Progress 01/01/03 to 12/31/03

Outputs
Host plant resistance to root-knot nematodes (MELOIDOGYNE spp.) is being studied as a primary means of nematode management in annual field and vegetable cropping systems. Analyses of resistance genes are being conducted in carrot, cowpea, cotton, lima bean and tomato. The Rk resistance gene in cowpea is a complex locus with multiple specificities to different nematode populations. Infected and non-infected roots of resistant and susceptible plants were harvested for preparing cDNA libraries during the period of resistance expression, as an approach to develop markers for the Rk genomic region.
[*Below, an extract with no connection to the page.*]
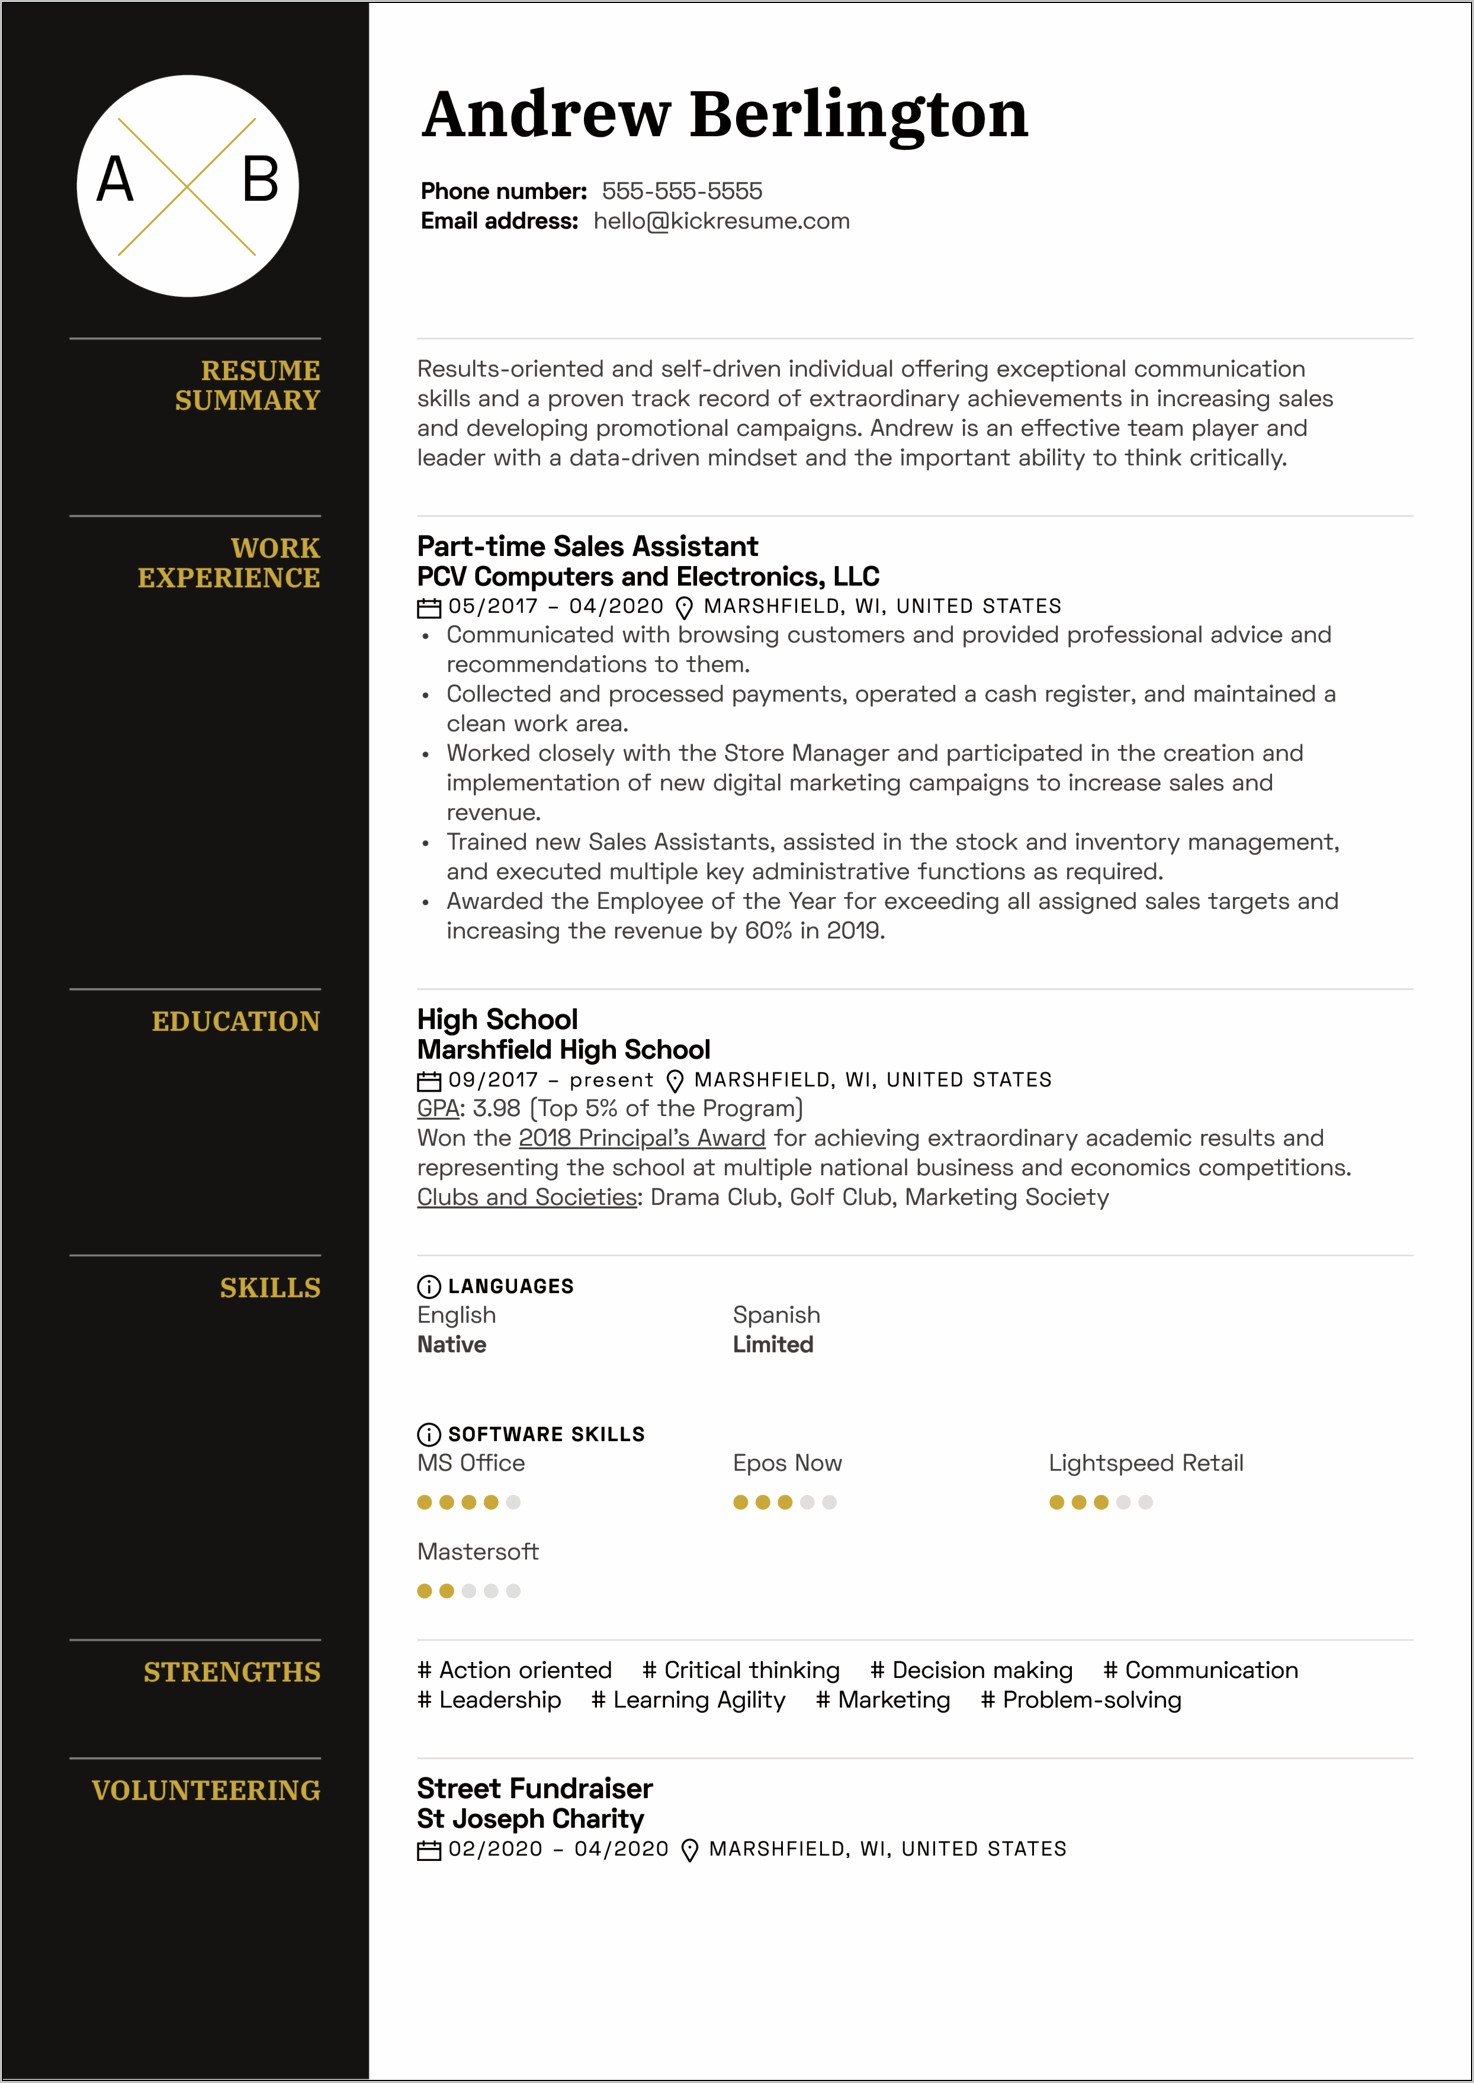 Best Summery For Young Person Resume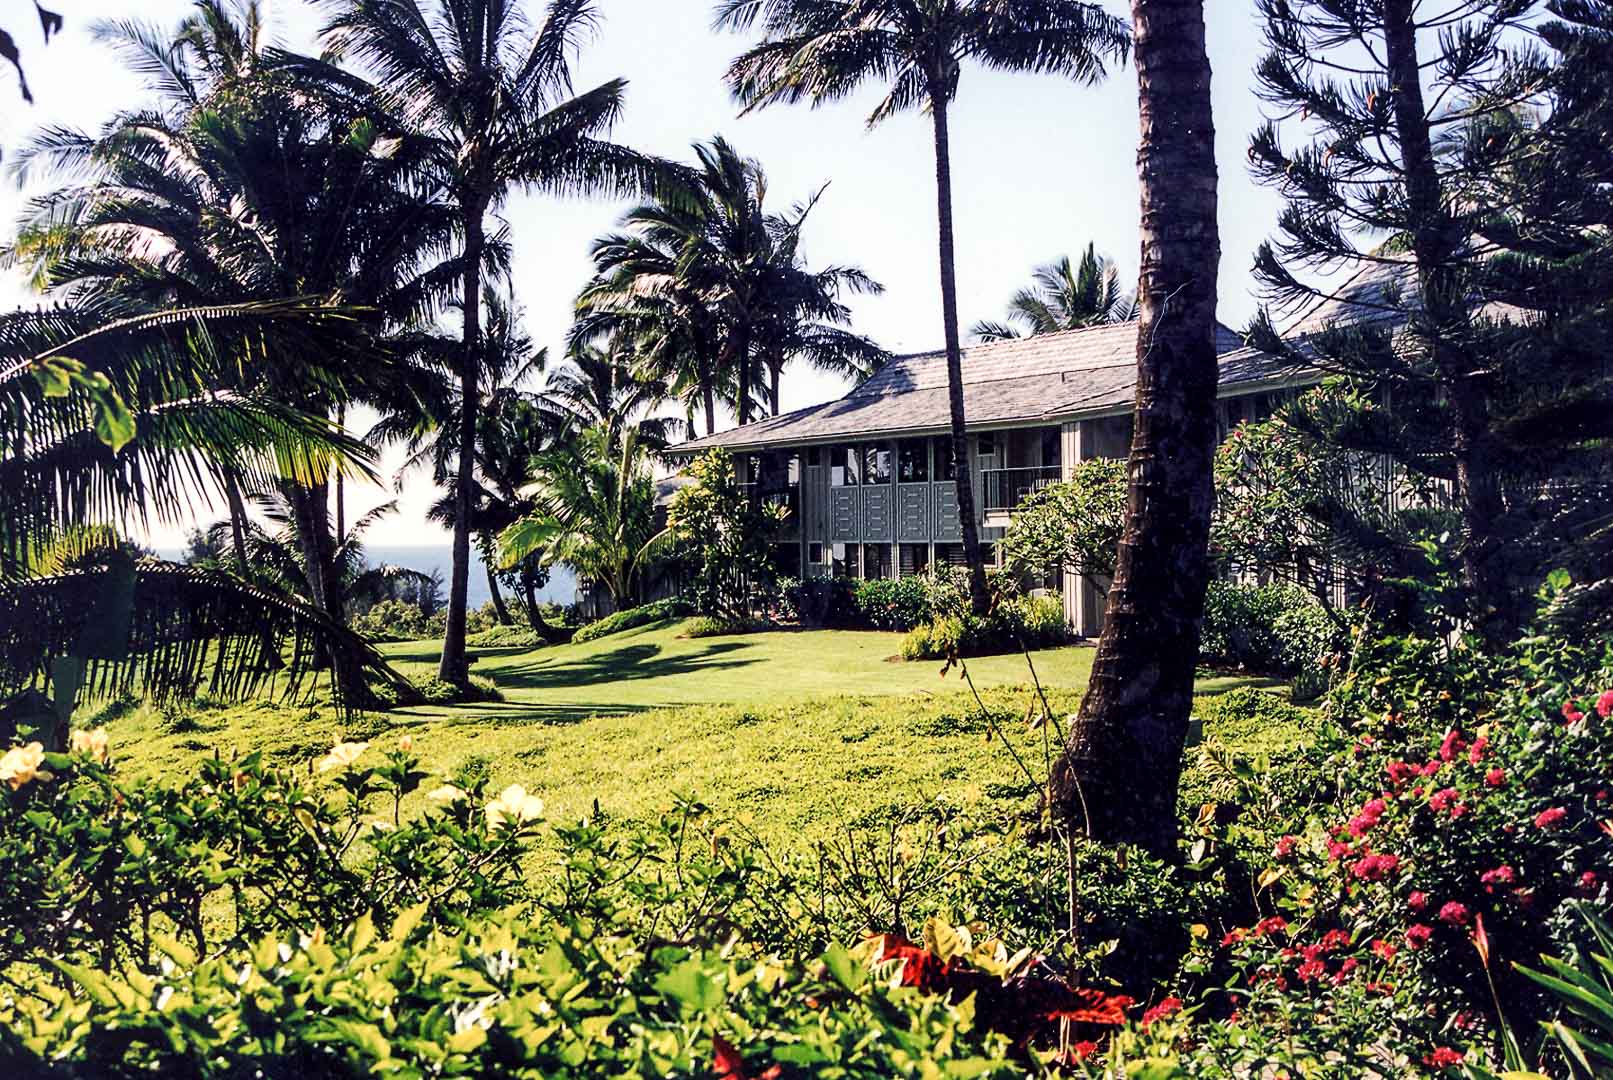 The colorful landscape at VRI's Alii Kai Resort in Hawaii

A series of near isogenic lines in a blackeye background was advanced by recurrent backcrossing, for use in comparing the value of each Rk gene form in protecting cowpea from nematode infection in field experiments. Recombinant inbred lines developed from crosses between root-knot susceptible and resistant Lima bean genotypes were screened to determine the relationship of resistance genes effective against nematode reproduction on roots, nematode induced root-galling, or both. One Lima genotype was shown to be a donor of three resistance genes that were incorporated in a newly released nematode resistant Lima variety, Cariblanco N. Nematode infested field nurseries in the San Joaquin Valley of California were used to advance one hundred and fifty breeding lines of fresh market type carrots with resistance to M. JAVANICA and M. INCOGNITA. A pair of co-dominant flanking molecular markers for the Mj-1 resistance locus was used to screen progenies in efforts to better understand the resistance genetics and for advancing the use of marker-assisted selection in carrot breeding. Analysis of root-knot nematode, M. INCOGNITA, and Fusarium wilt resistance in cotton was continued using crosses between resistant and susceptible genotypes of both pima and upland cottons. Some AFLP polymorphisms detected between resistant and susceptible genotypes were linked to nematode resistance genes and some of these are being converted to STS markers for use in cotton breeding.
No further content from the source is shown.